Unfortunately I'm a bit confused with the process I should follow.Concept of time series is quite new for me so I'm looking for something simple.

I have a variable Y that I want to express by the lags of several other variables X1,...X4. It seems that the R-package dynlm is well adapted for this kind of model.

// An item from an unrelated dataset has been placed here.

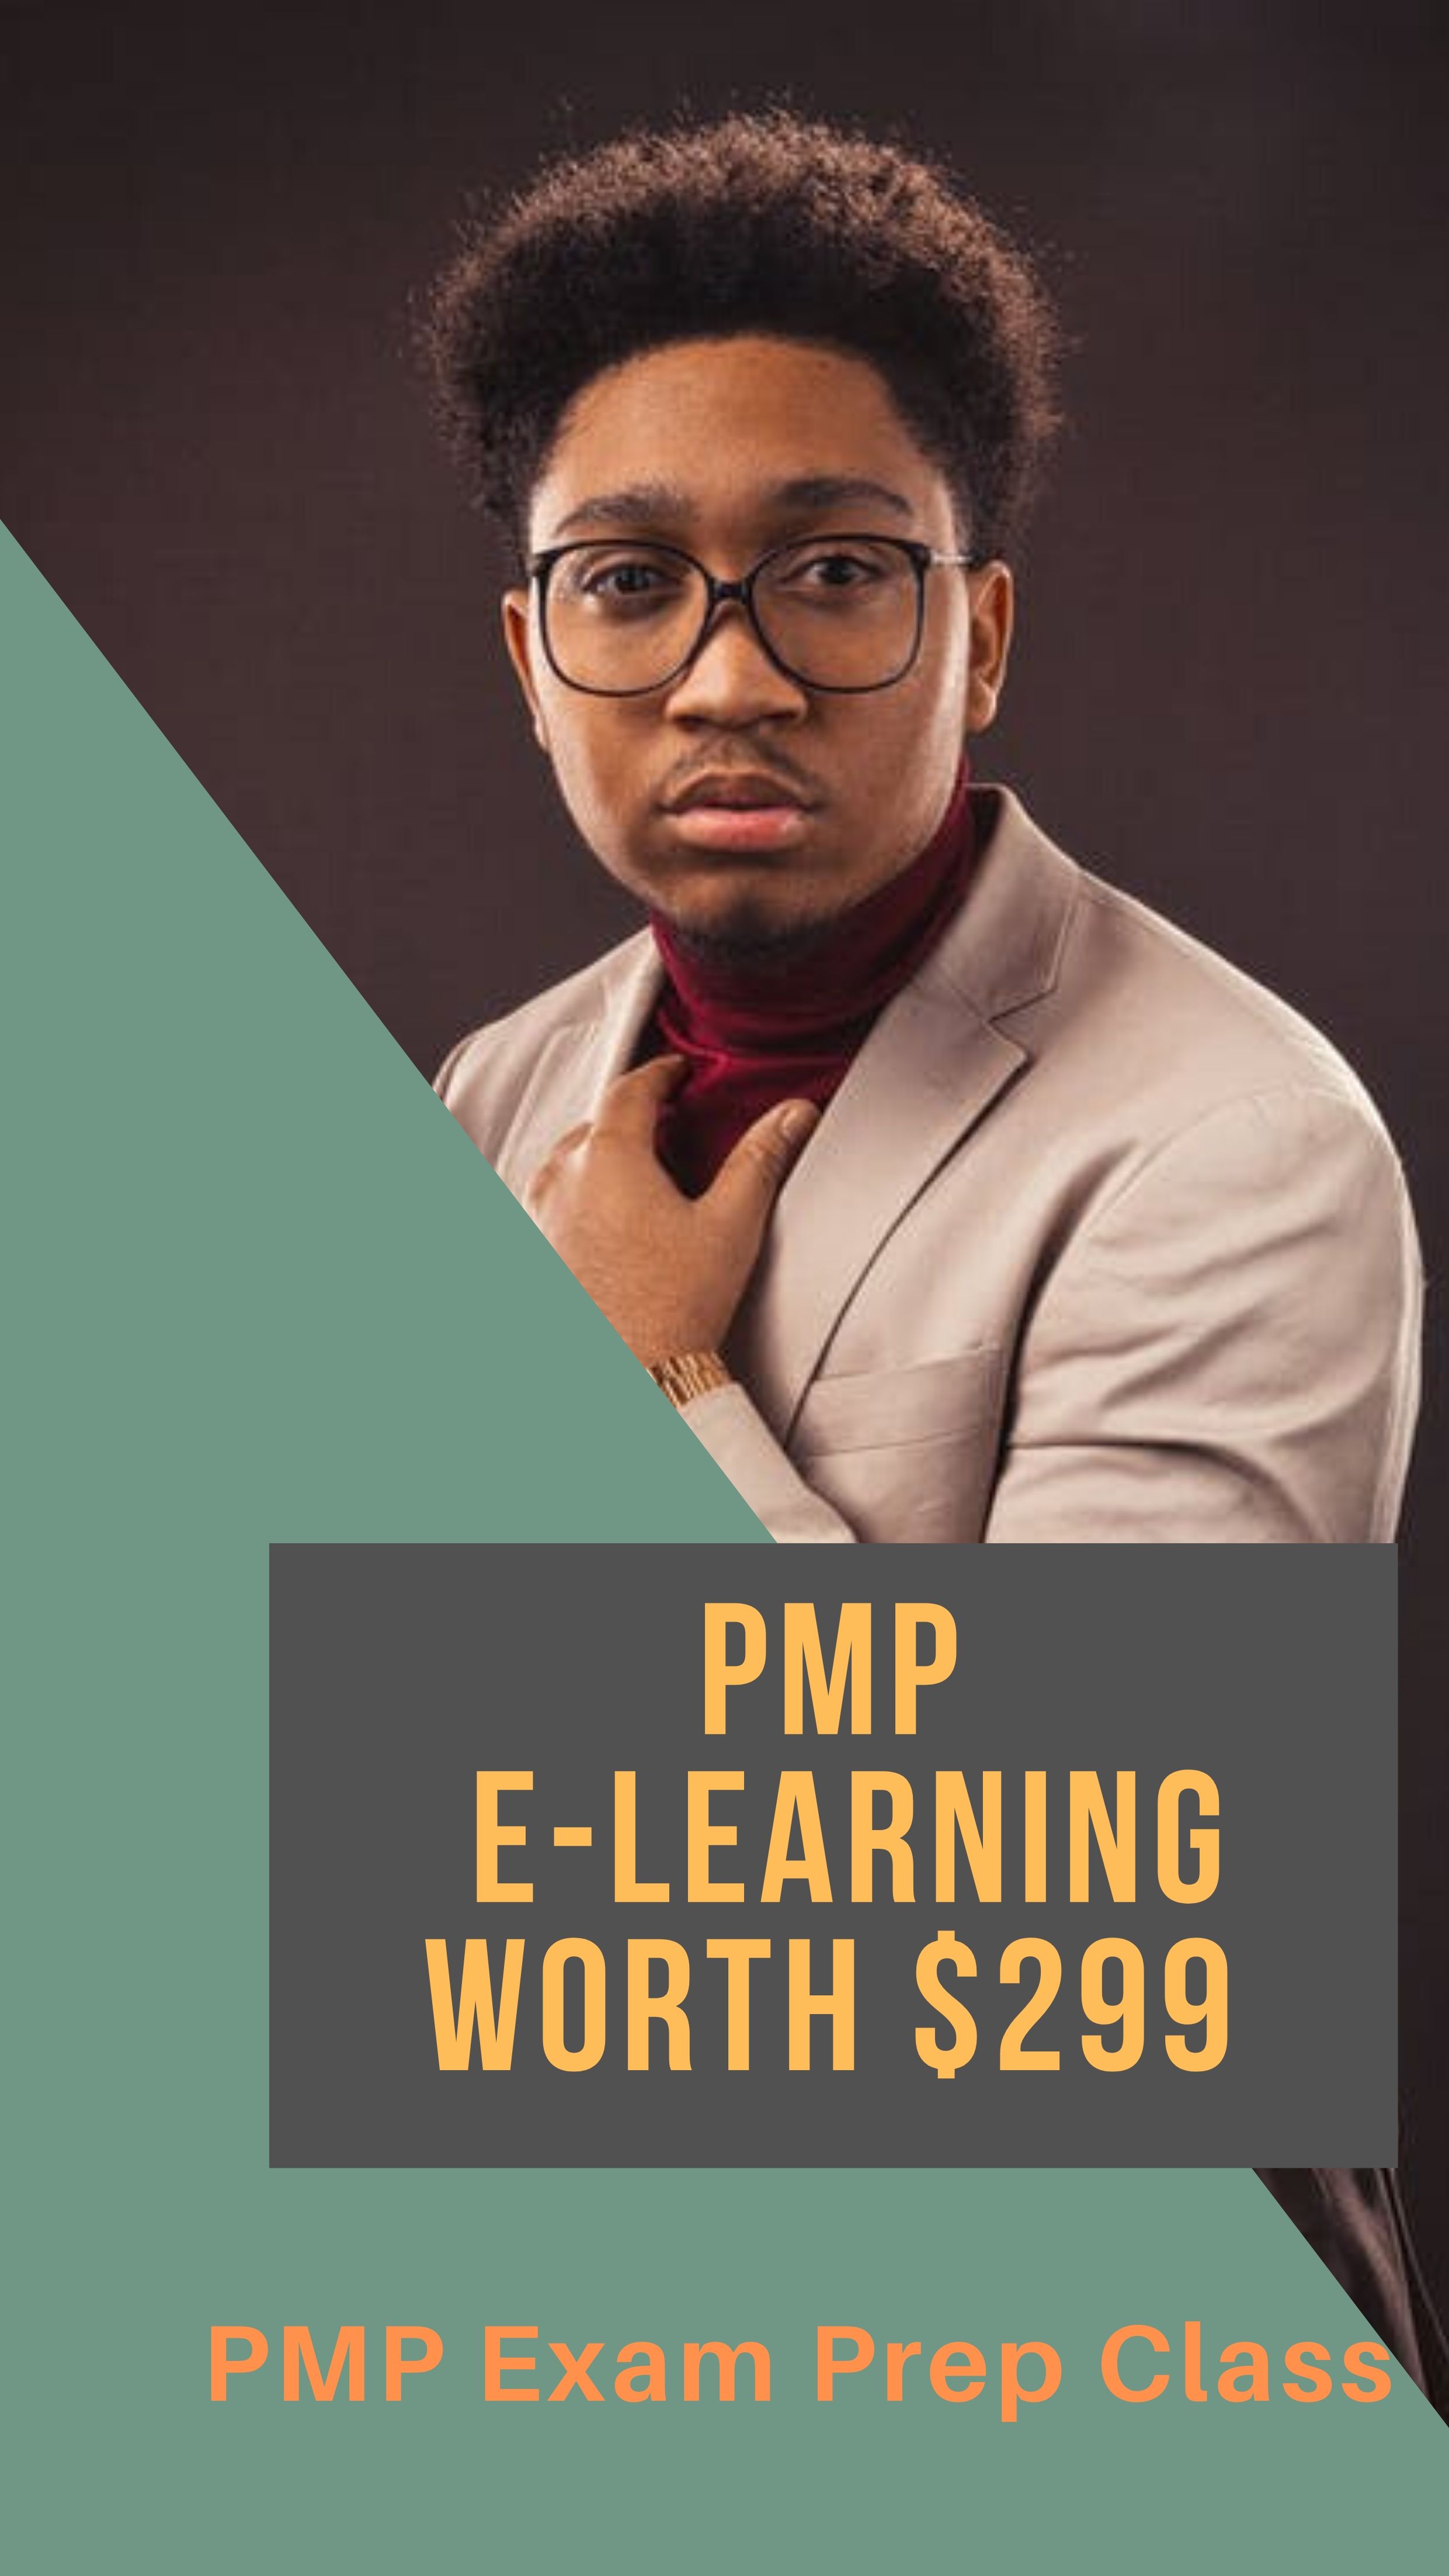 PMP Certification Training Program

At the end, I would like to have this kind of relation :

what I want

So I would like to ascertain which lags of my exogeneous variables are significant for modeling Y. I first thought using cross-correlation (ccf() in R) but after browsing on CrossValidated, it seems that this is not that simple.

Indeed, all of my variables except one(X3) are not stationary. I could difference all of them but how can I then interpret the results ?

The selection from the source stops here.